DATASET EXCERPT
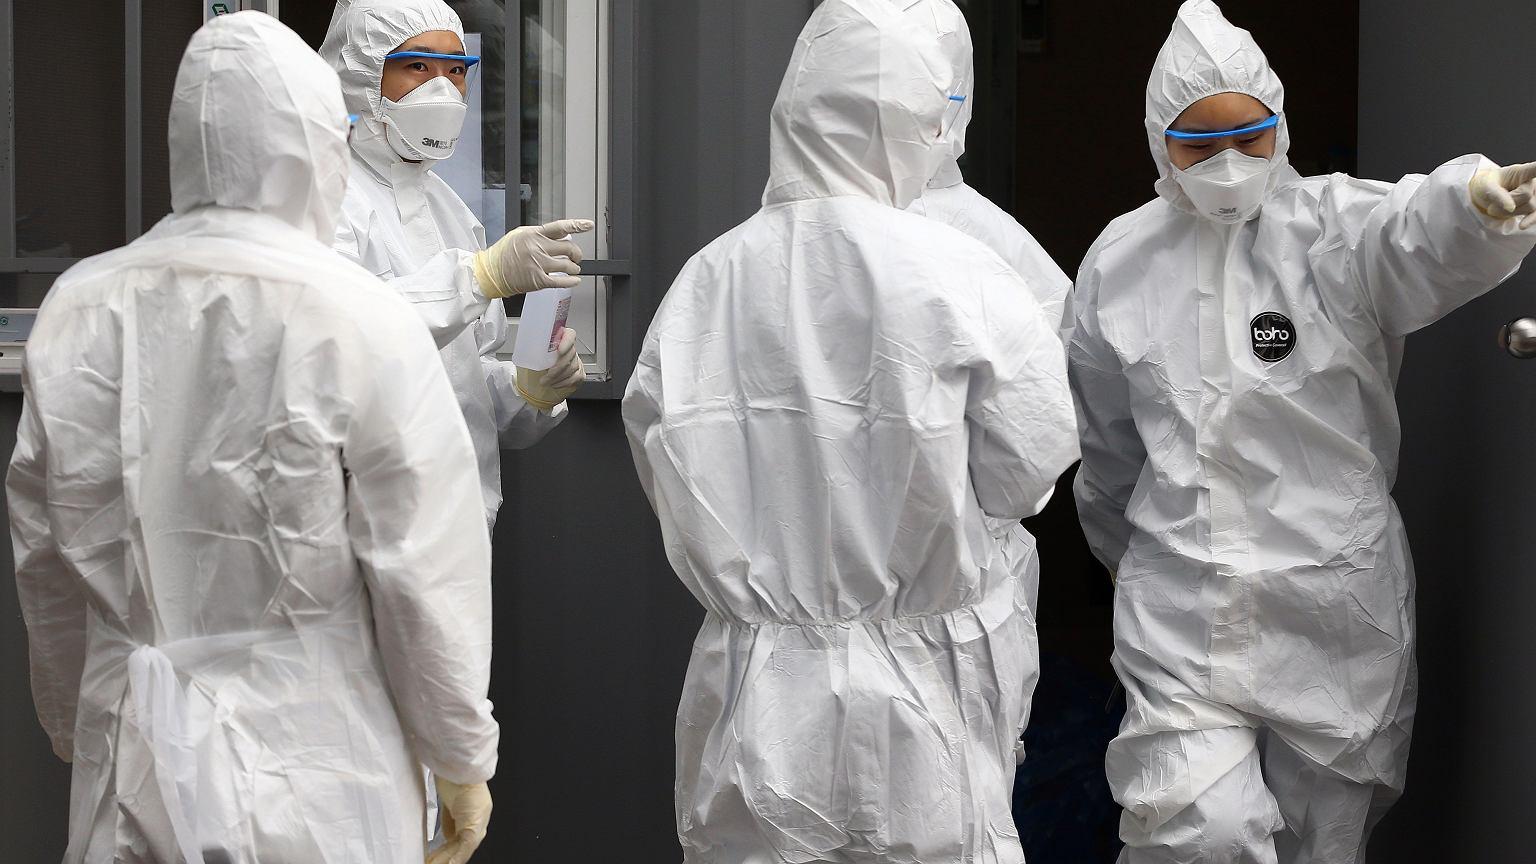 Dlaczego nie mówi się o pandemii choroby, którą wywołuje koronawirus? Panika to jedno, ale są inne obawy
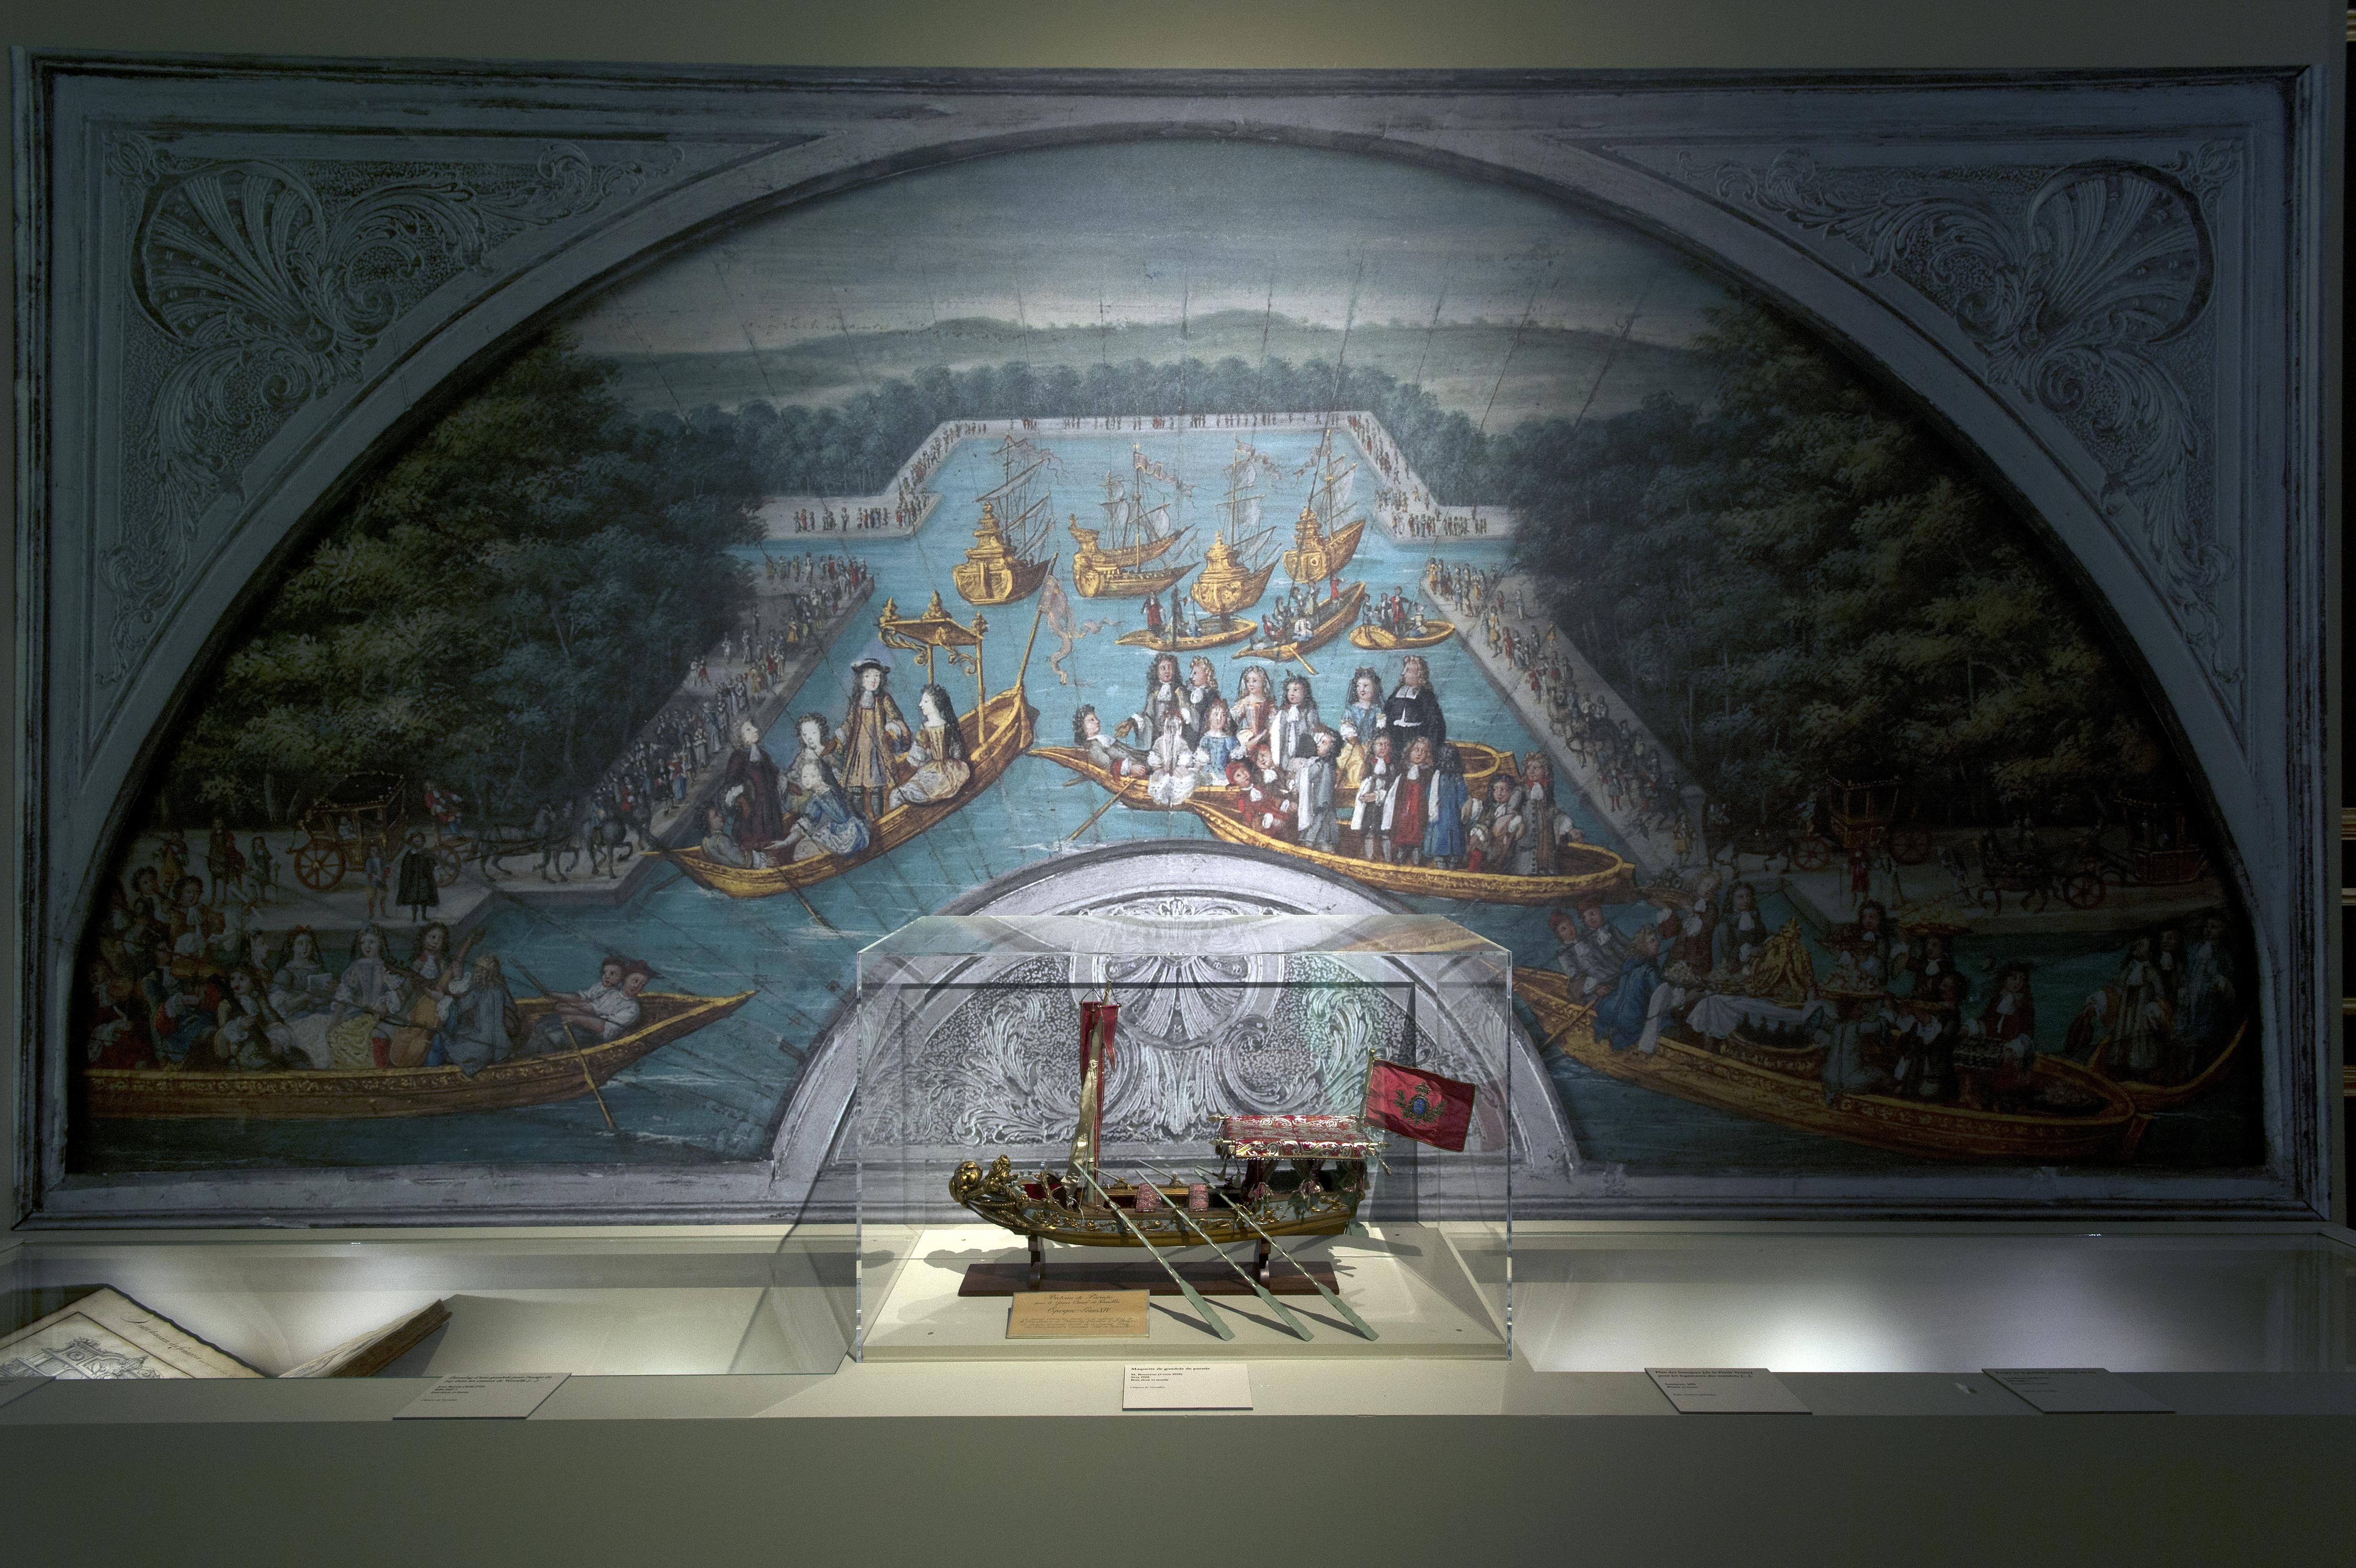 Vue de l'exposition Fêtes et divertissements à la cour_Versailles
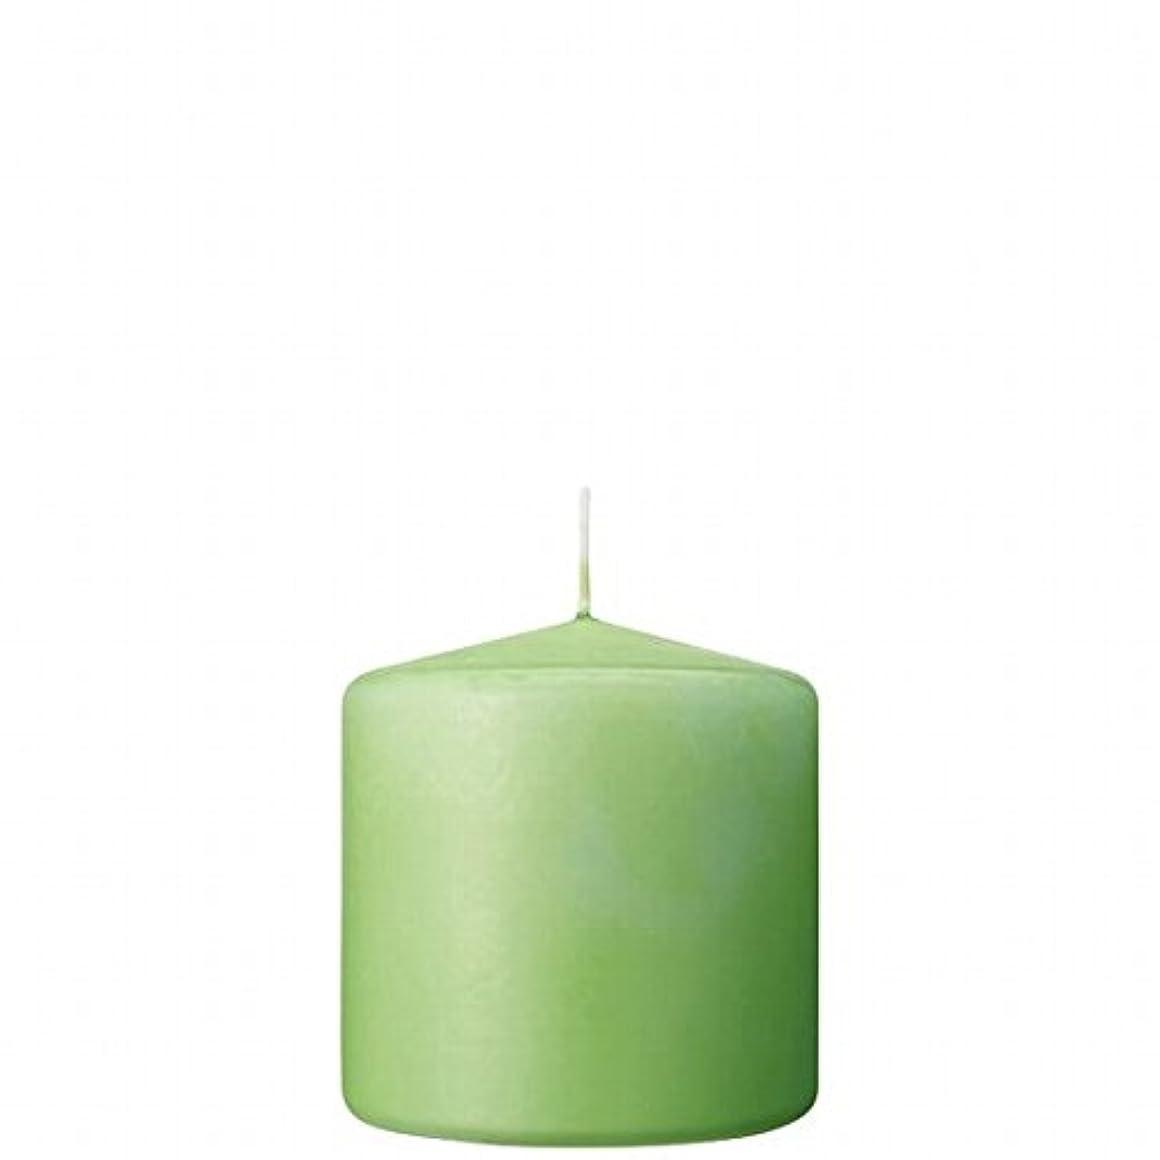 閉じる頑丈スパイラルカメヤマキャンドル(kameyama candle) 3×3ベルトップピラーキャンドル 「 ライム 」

EXERCISE DETAILS
Skipping all images, print the data above a second time exactly.

OUTPUT OF THE TASK
 Dlaczego nie mówi się o pandemii choroby, którą wywołuje koronawirus? Panika to jedno, ale są inne obawy
 Vue de l'exposition Fêtes et divertissements à la cour_Versailles
 閉じる頑丈スパイラルカメヤマキャンドル(kameyama candle) 3×3ベルトップピラーキャンドル 「 ライム 」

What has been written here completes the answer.